Harrison Plaza was made possible by 1955 alumna Laura McAnally Harrison and her husband, Donald C. Harrison, of Cincinnati. The plaza, constructed around a large Italian limestone fountain, occupies the former intersections of Morrison and Wesleyan Avenues and Seminary Street between 601 Cramer Way, Keller Hall and the George H. Carroll Lion Habitat, which houses UNA's live mascots. Harrison Plaza now constitutes the hub of UNA's three pedestrian walkways and serves as the principal entrance to campus.

With its distinctive towers, Wesleyan Hall, one of UNA's most familiar structures, is considered one of the most eminent landmarks in North Alabama.
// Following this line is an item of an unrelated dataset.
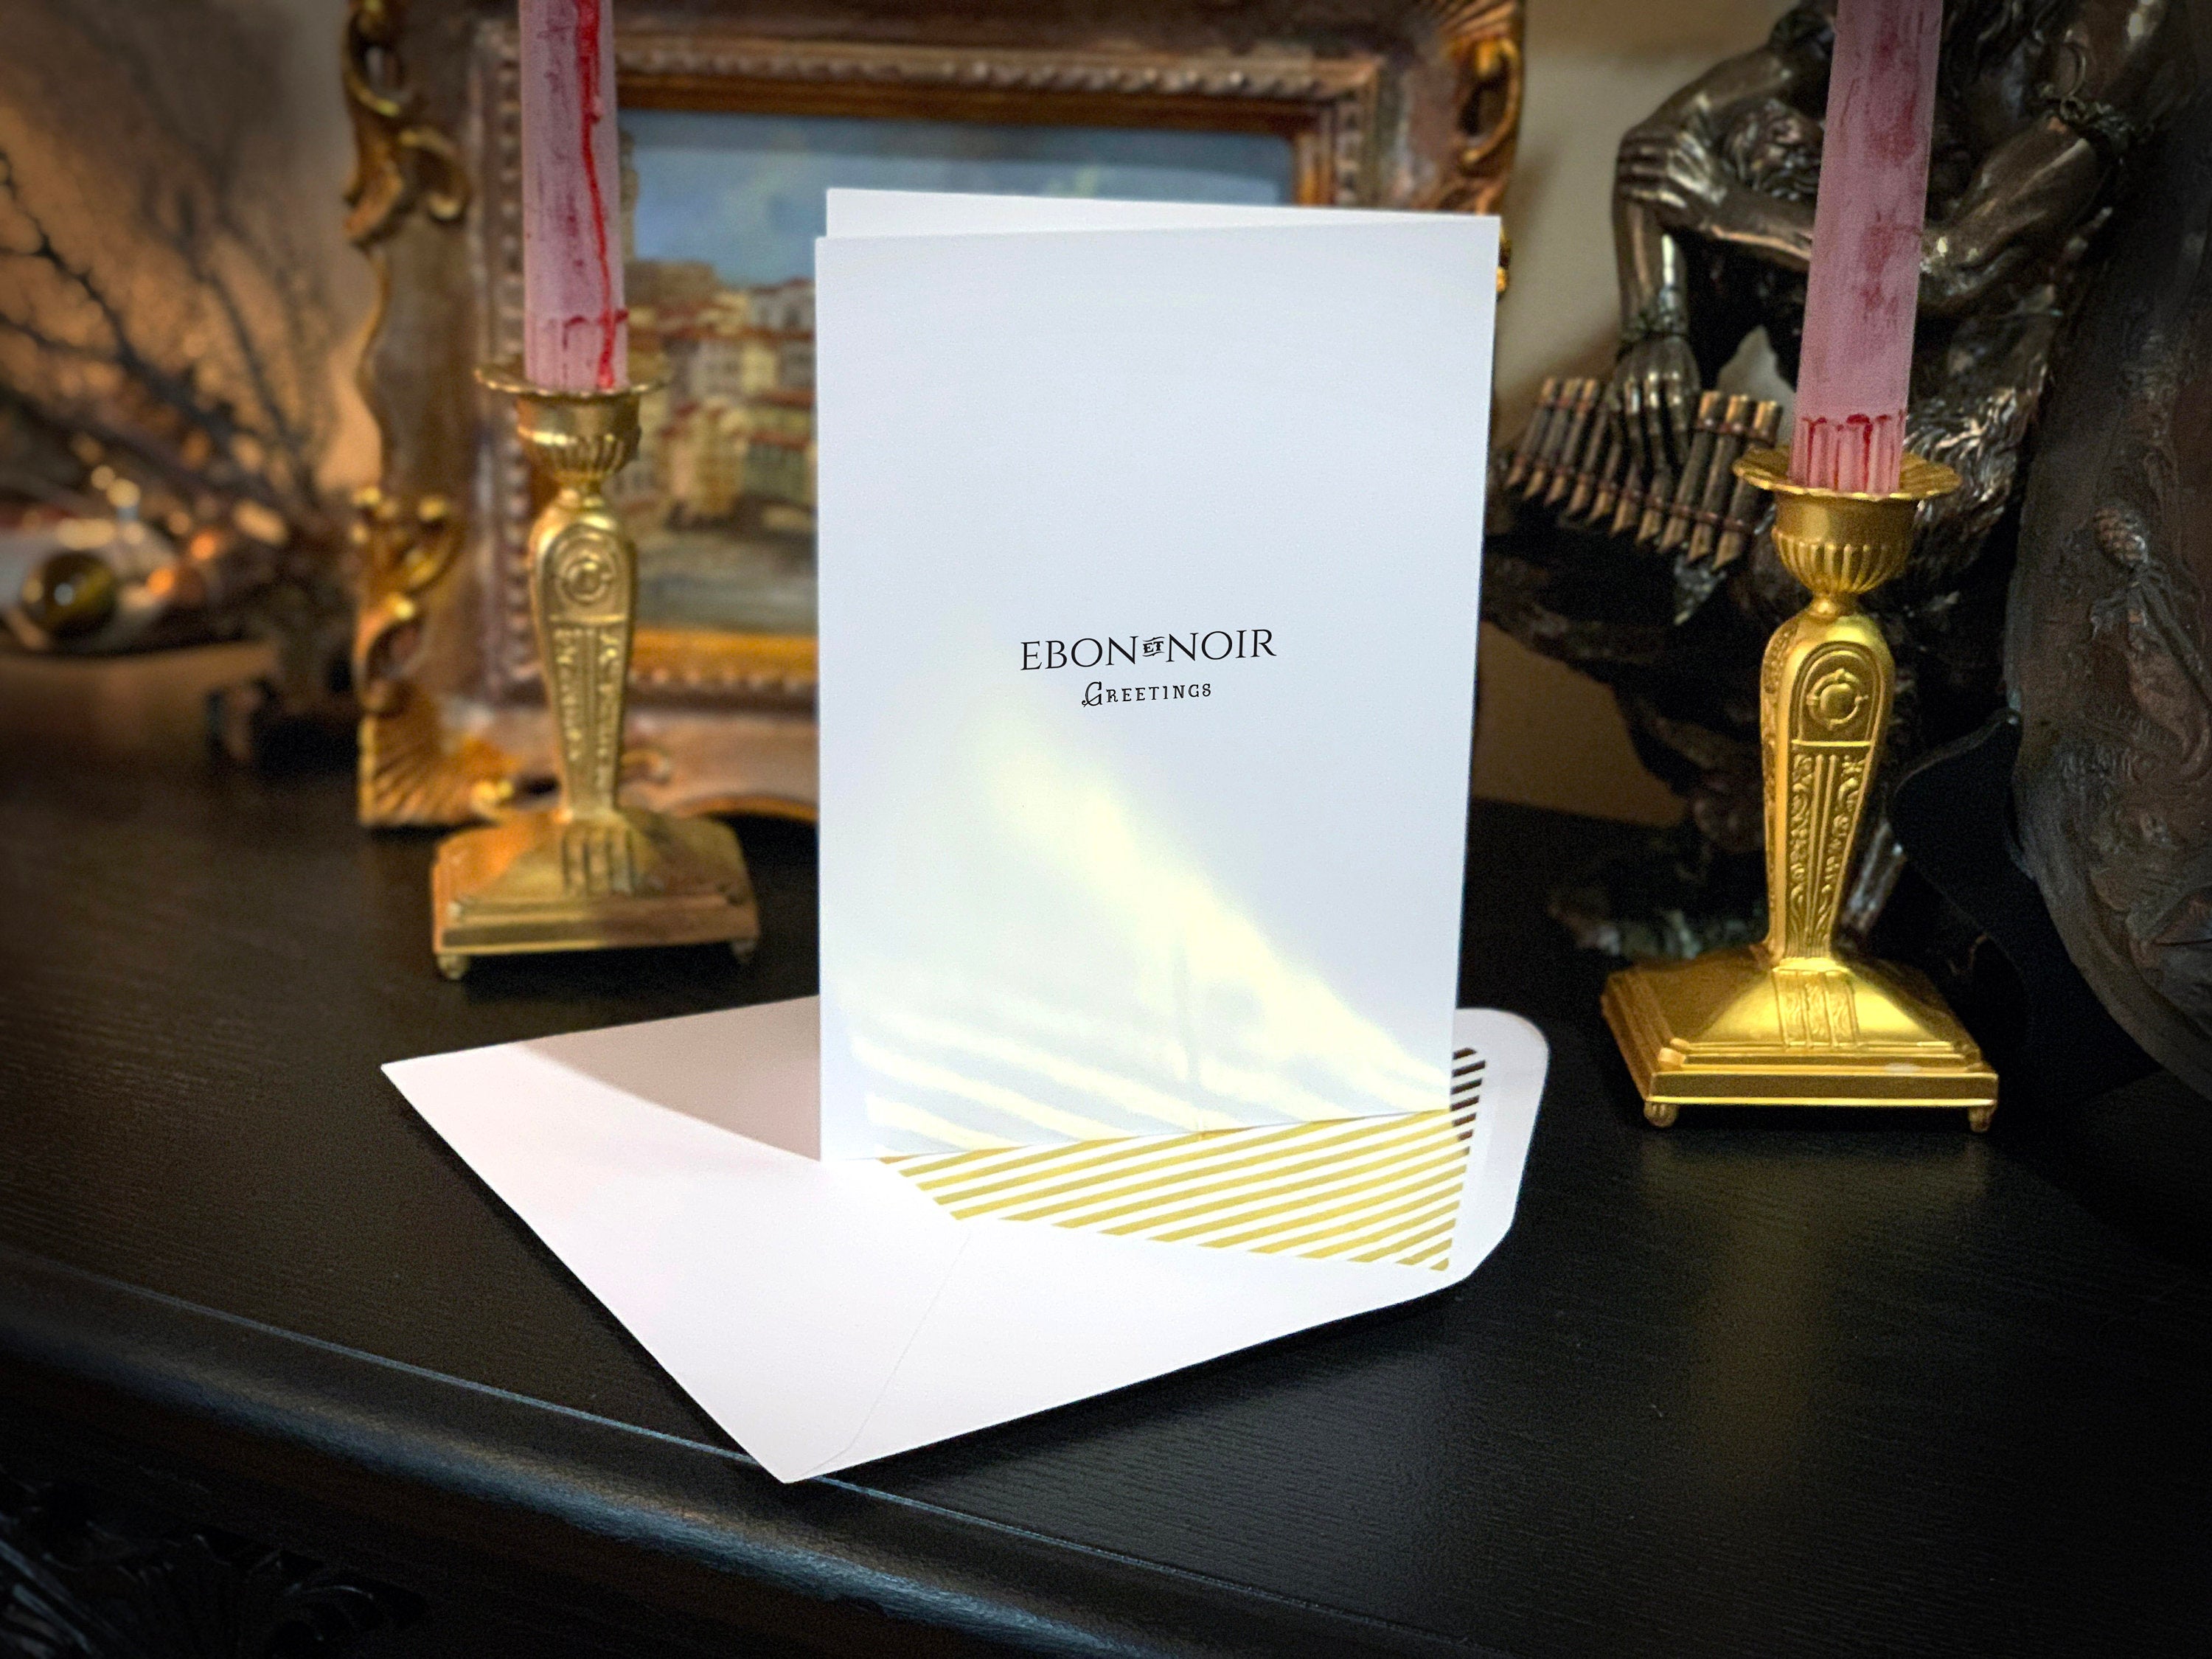 The Best Dad, Father's Day Greeting Card with Elegant Striped Gold Foil Envelope, 1 Card/Envelope

The Gothic Revival structure was designed to serve LaGrange College when this Methodist institution relocated from Franklin to Lauderdale county and was renamed Florence Wesleyan University. During the Civil War, Wesleyan Hall was occupied by both Union and Confederate armies. General William Tecumseh Sherman is considered the most famous Civil War-era occupant of Wesleyan Hall. After the war, the building was deeded to the state of Alabama and thereafter served as a state normal school. It currently serves as the center for Foreign Languages (French, German, and Spanish), Psychology, and Geography. The building is listed in the National Register of Historic Places.
Adjacent to Wesleyan Hall in a specially constructed tower is the Wesleyan Bell, which tolled regularly throughout the last quarter of the 19th century to summon Florence Normal School students to class. Sometime around 1910, the bell was removed from Wesleyan Hall and stored. Rediscovered in 2002, the 130-year-old Wesleyan Bell was restored to a prominent place on campus following construction of the Smith Bell Tower in 2004.

Rogers Hall, another one of UNA's most distinctive structures, was constructed by planter George Washington Foster in 1855 at the summit of Court Street (hence its original name, Courtview). Because construction would result in the permanent obstruction of a major thoroughfare, the city had to secure the approval of the Alabama Legislature before work could begin. In the fall of 1864, the residence served as the headquarters of Confederate Gen. Nathan Bedford Forrest. Courtview was occupied by members of the Foster family until 1900, when it became the home of Alabama Governor Emmet O'Neal. In the 1920s, the residence was acquired by Thomas M. Rogers Sr., and in 1948 by the university. It houses the Offices of Advancement, Alumni Relations, and Communications and Marketing.

Constructed in 1930, 601 Cramer Way houses UNA's senior administrative offices. The building is named for David Bibb Graves, who served as Alabama's governor from 1927 to 1931 and 1935–39. Graves's passage of the largest education budget in Alabama history led to the moniker as the "Education Governor", Graves's support for education led to recognition on virtually every Alabama college campus. The Office of the President, Executive Vice President for Academic Affairs and Provost, Vice President for Business and Financial Affairs, Human Resources, and the College of Arts, Sciences, and Engineering are housed in the building.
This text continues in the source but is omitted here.